2013-12-08 03:51:21,792 INFO  [org.apache.giraph.master.MasterThread] 
bsp.BspInputFormat (BspInputFormat.java:getMaxTasks(64)) - getMaxTasks: Max 
workers = 1, split master/worker = true, is YARN-only job = true, total max 
tasks = 1
2013-12-08 03:51:21,792 INFO  [org.apache.giraph.master.MasterThread] 
master.BspServiceMaster (BspServiceMaster.java:cleanUpZooKeeper(1735)) - 
cleanUpZooKeeper: Got 2 of 1 desired children from 
/_hadoopBsp/giraph_yarn_application_1386468390622_0005/_cleanedUpDir
2013-12-08 03:51:21,793 INFO  [org.apache.giraph.master.MasterThread] 
master.BspServiceMaster (BspServiceMaster.java:cleanUpZooKeeper(1744)) - 
cleanedUpZooKeeper: Waiting for the children of 
/_hadoopBsp/giraph_yarn_application_1386468390622_0005/_cleanedUpDir to change 
since only got 2 nodes.{code}

As the last 2 entries show, instead of registering just 1 task ending, it 
registers 2 and thus it misses the condition on line 1740.
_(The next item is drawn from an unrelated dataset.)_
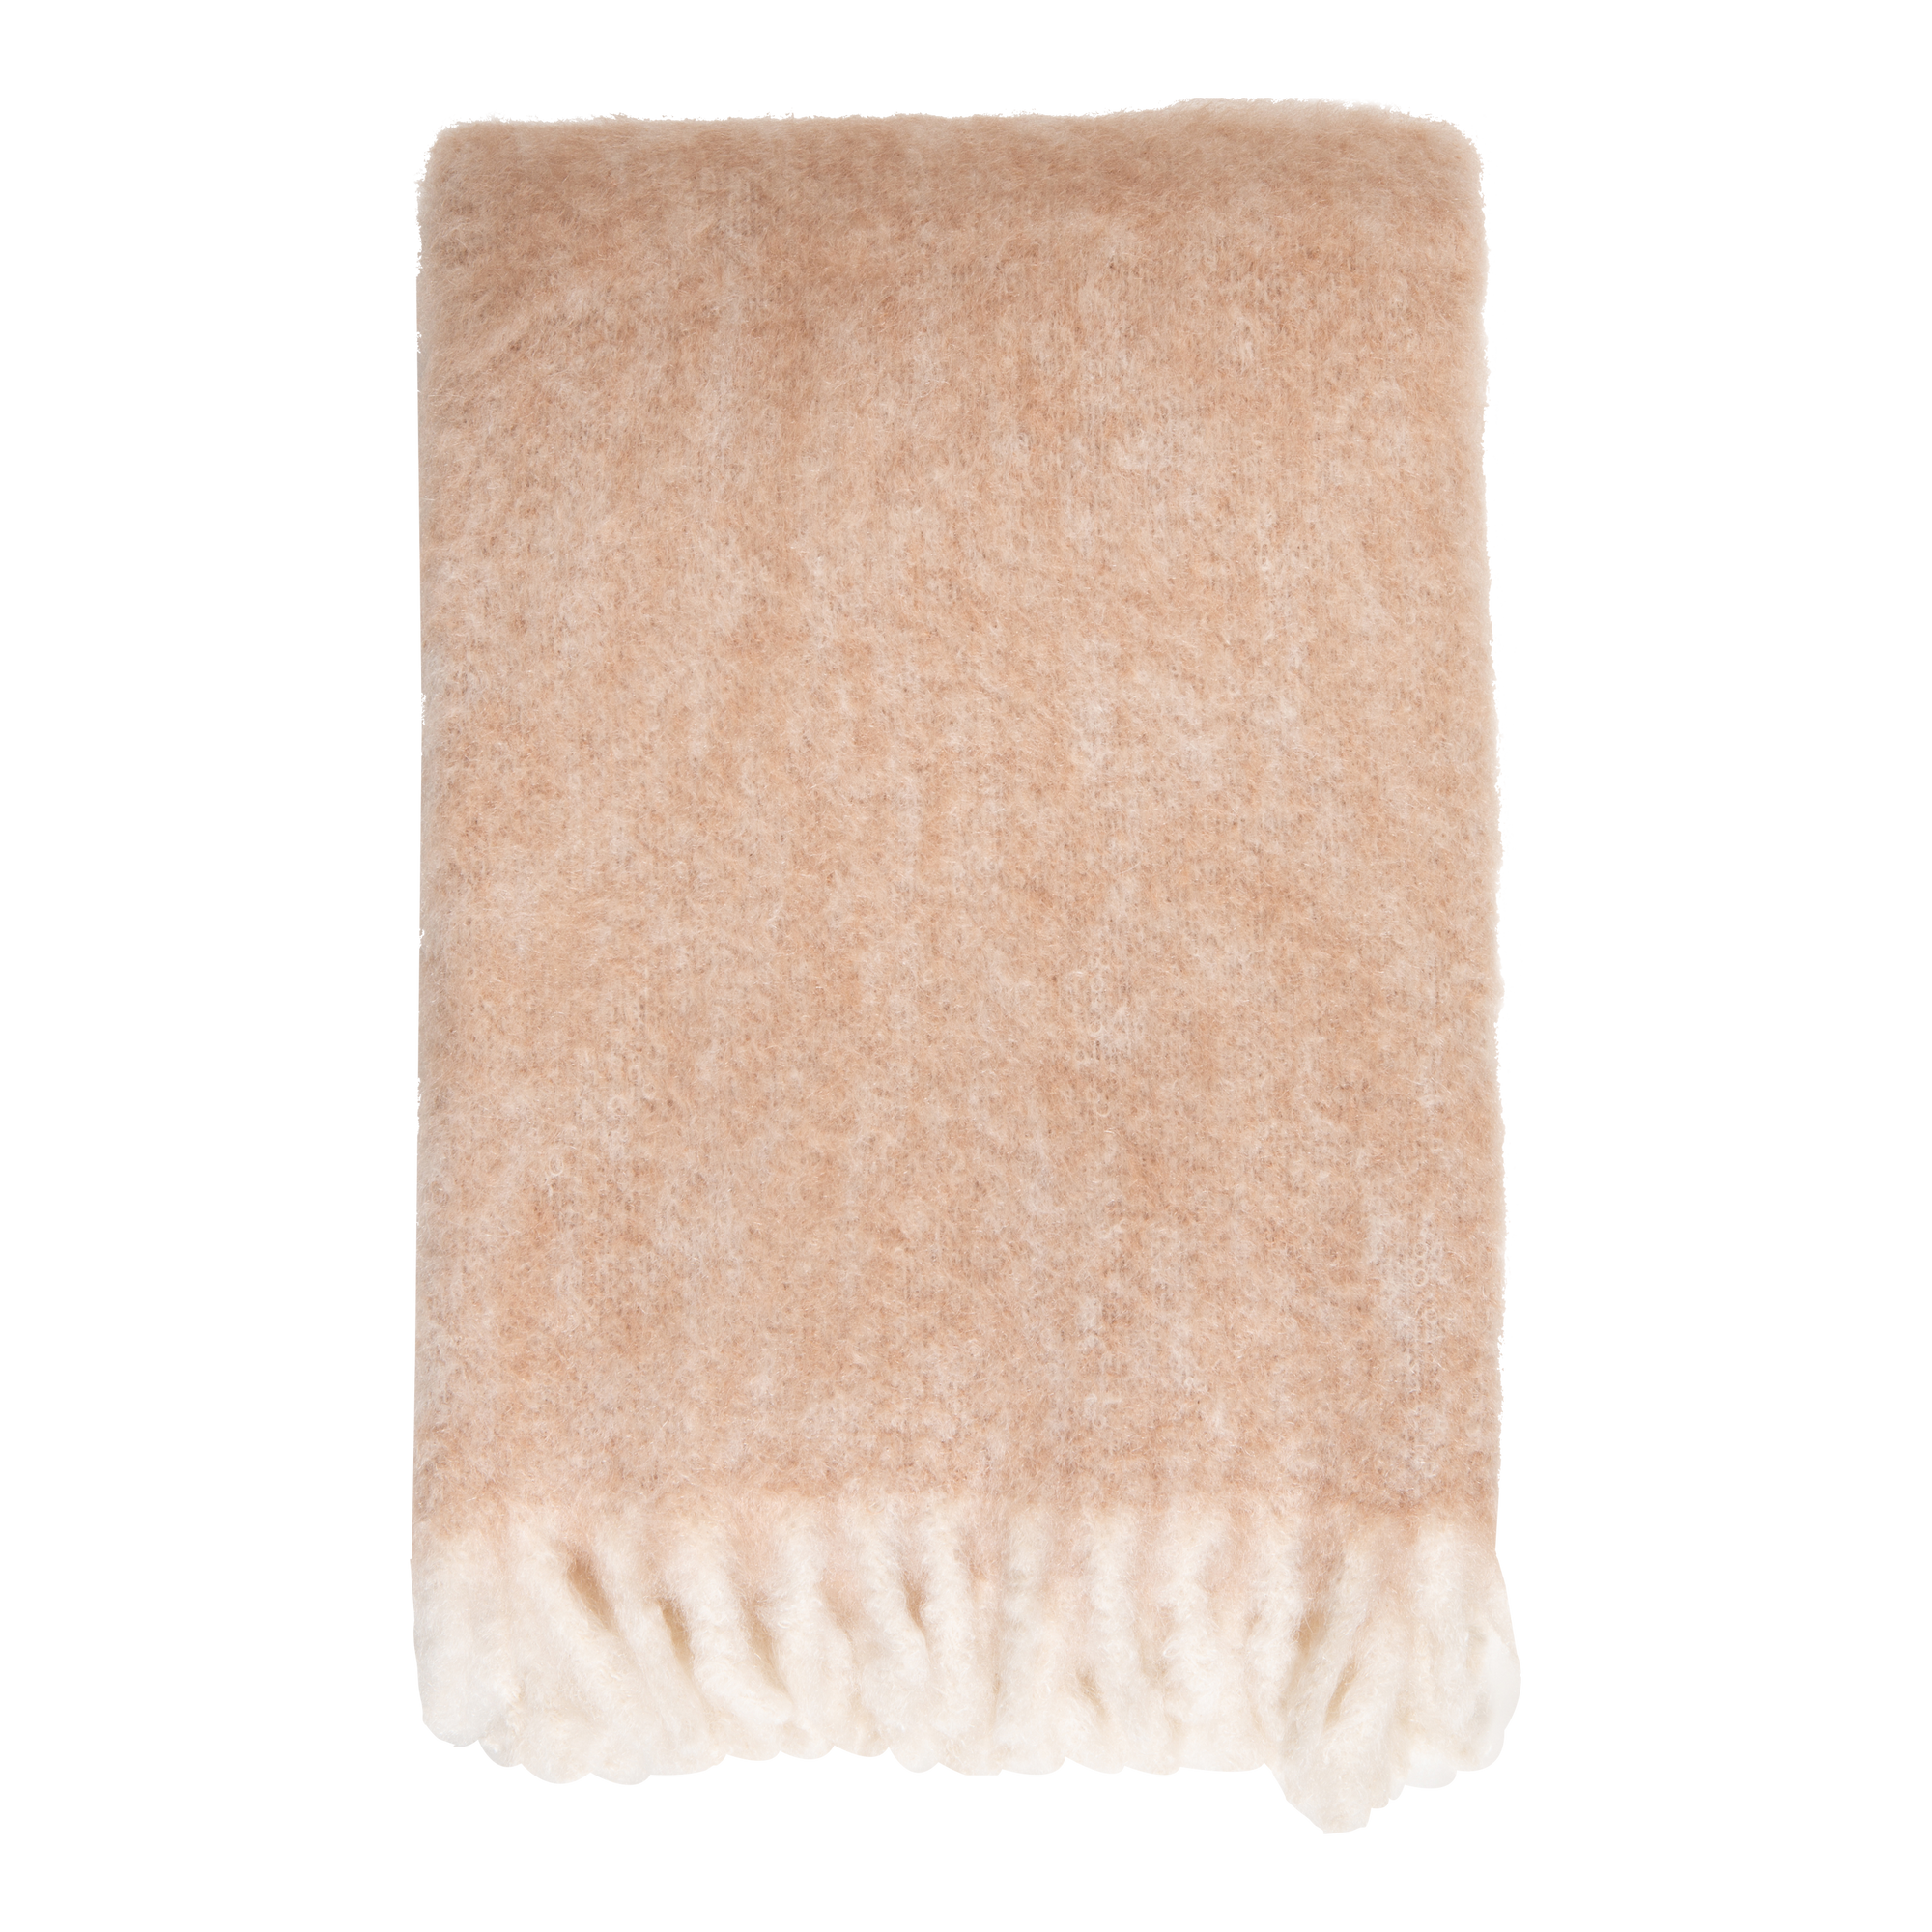 Using natural mohair from Angora goats, which is known for its soft, silky texture, the Mohair Stitched Throw is characterised by its fluffy, thin fibres that provides exceptional

One solution would be to change the == in line 1740 to a >=. However, the 
actual issue seems to reside with the BspInputFormat.getMaxTasks() 
(BspInputFormat.java:51). This function assumes that in a pure yarn execution 
the total number of tasks will be equal to the maximum number of workers. 
However, based on GiraphApplicationMaster:167, this is not the case. An extra 
Master task is launched in addition to all the Worker tasks. 
BspInputFormat.getMaxTasks() should then return maxWorkers + 1 in the case of a 
pure yarn execution.

Compilation:
{code}mvn -Phadoop_yarn -Dhadoop.version=2.2.0 -DskipTests compile{code}

Execution command:
{code}$HADOOP_PREFIX/bin/hadoop jar 
~/Projects/giraph/giraph-examples/target/giraph-examples-1.1.0-SNAPSHOT-for-hadoop-2.2.0-jar-with-dependencies.jar
 org.apache.giraph.GiraphRunner 
org.apache.giraph.examples.SimpleShortestPathsComputation -vif 
org.apache.giraph.io.formats.JsonLongDoubleFloatDoubleVertexInputFormat -vip 
giraph/input/tiny_graph.txt -vof 
org.apache.giraph.io.formats.IdWithValueTextOutputFormat -op 
giraph/output/shortestpahts -w 1 -ca giraph.zkList=localhost:2181 -yj 
giraph-examples-1.1.0-SNAPSHOT-for-hadoop-2.2.0-jar-with-dependencies.jar{code}

  was:
While executing the SimpleShortestPaths example with Giraph 1.1.0-SNAPSHOT 
compiled for Hadoop Yarn 2.2.0, I've noticed that the application would never 
stop even after recognizing that all supersteps had completed and the output 
had been written to the output directory.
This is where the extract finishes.